Despite I'm not an economist, I'd simply answer the following from common sense 
point of view:

1. I'll take the same strategy as you did because I'm sure the return from IDR 
Bonds is still higher than US Bonds, and on top of that I believe that IDR will 
strengthen over USD.  I'll also put some fund in Gold as to protect it from 
inflation.

2. I believe Indonesia Govt will put best effort to ensure and maintain the 
surplus trade position and also put another best effort to apply Good Corporate 
Governance so that the use of govt budget will be effective and efficient, and 
eventually it will have the impact on the strengthening of IDR currency. In the 
case of the IDR weakening, it's just a temporary situation.

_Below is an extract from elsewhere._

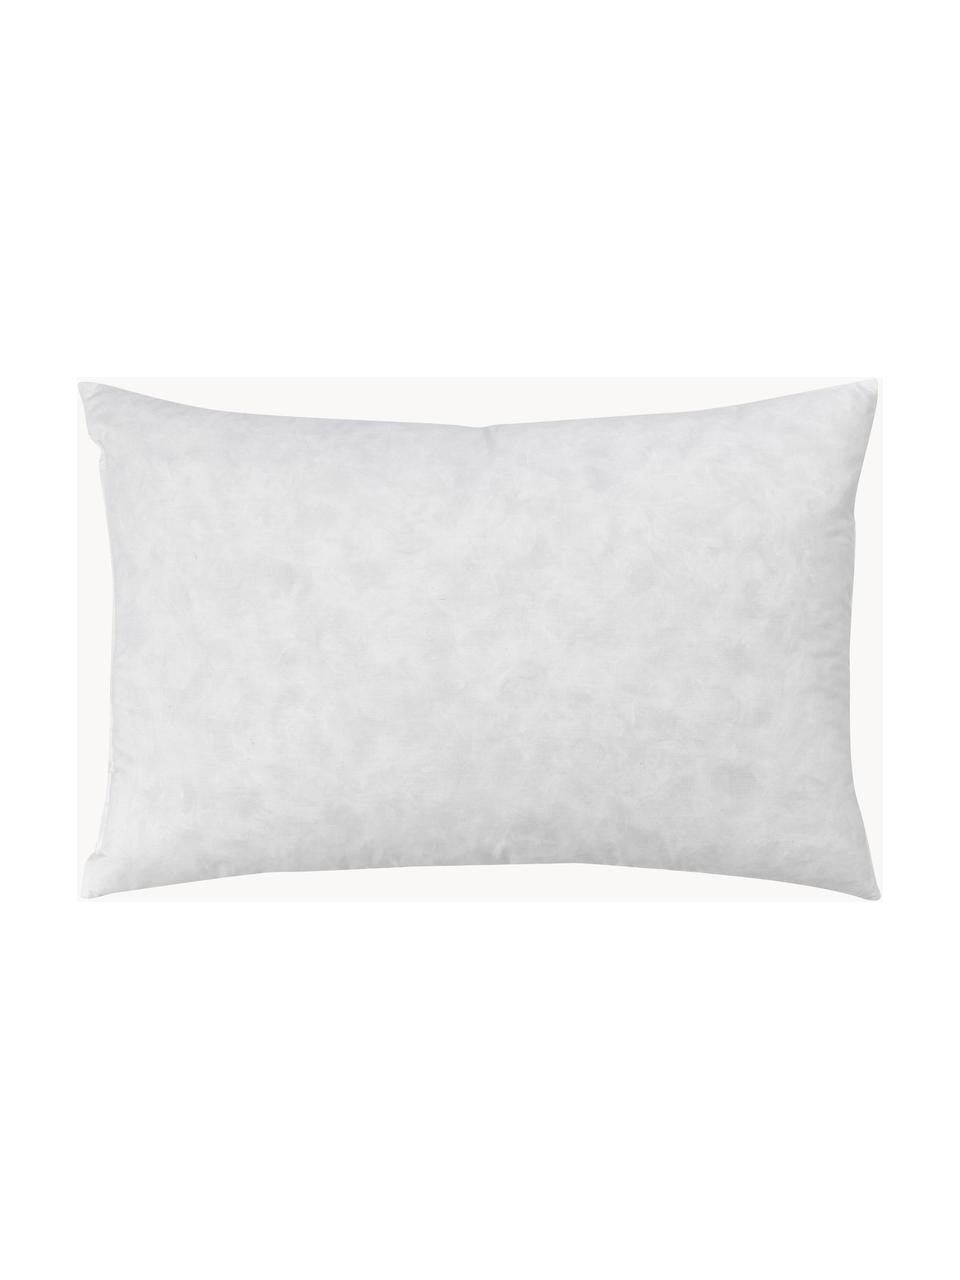 Wkład do poduszki dekoracyjnej Comfort, różne rozmiary, Biały, S 30 x D 50 cm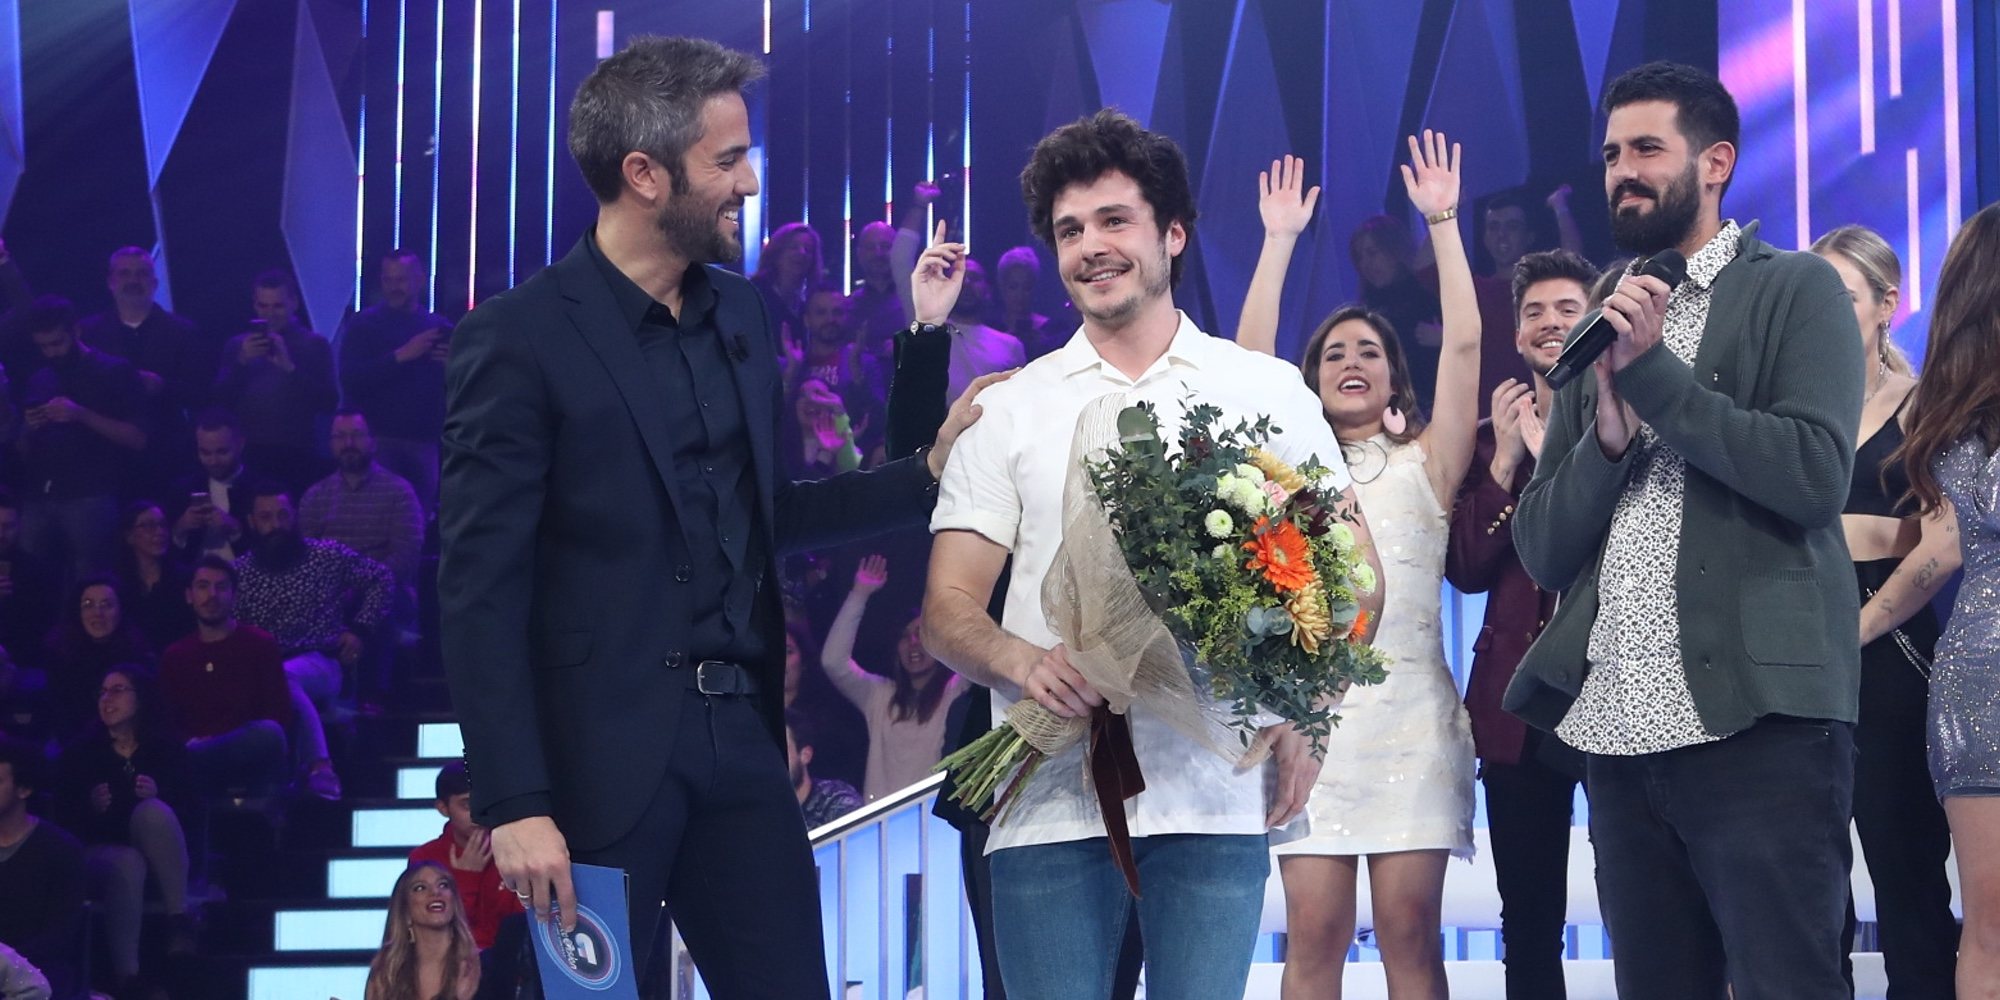 Miki, elegido como representante de España en Eurovisión 2019 con 'La venda'

3. As Indonesia has a comparative advantage in natural resources and consumer 
spending power, I think commodities especially Coal and plantation, and 
consumer + cement sector stocks are still the best to pick (the challenge is 
some stocks have been too expensive now).....for point 3, I guess Embah and You 
know much better.

Last but not least, ALL of OB members Love You Full.

Hehehe..........
         
Sent from my XL BlackBerry®.                                                 
[Total confidence arises when total truth (wisdom) and total goodness 
(compassion) are on our side.]                    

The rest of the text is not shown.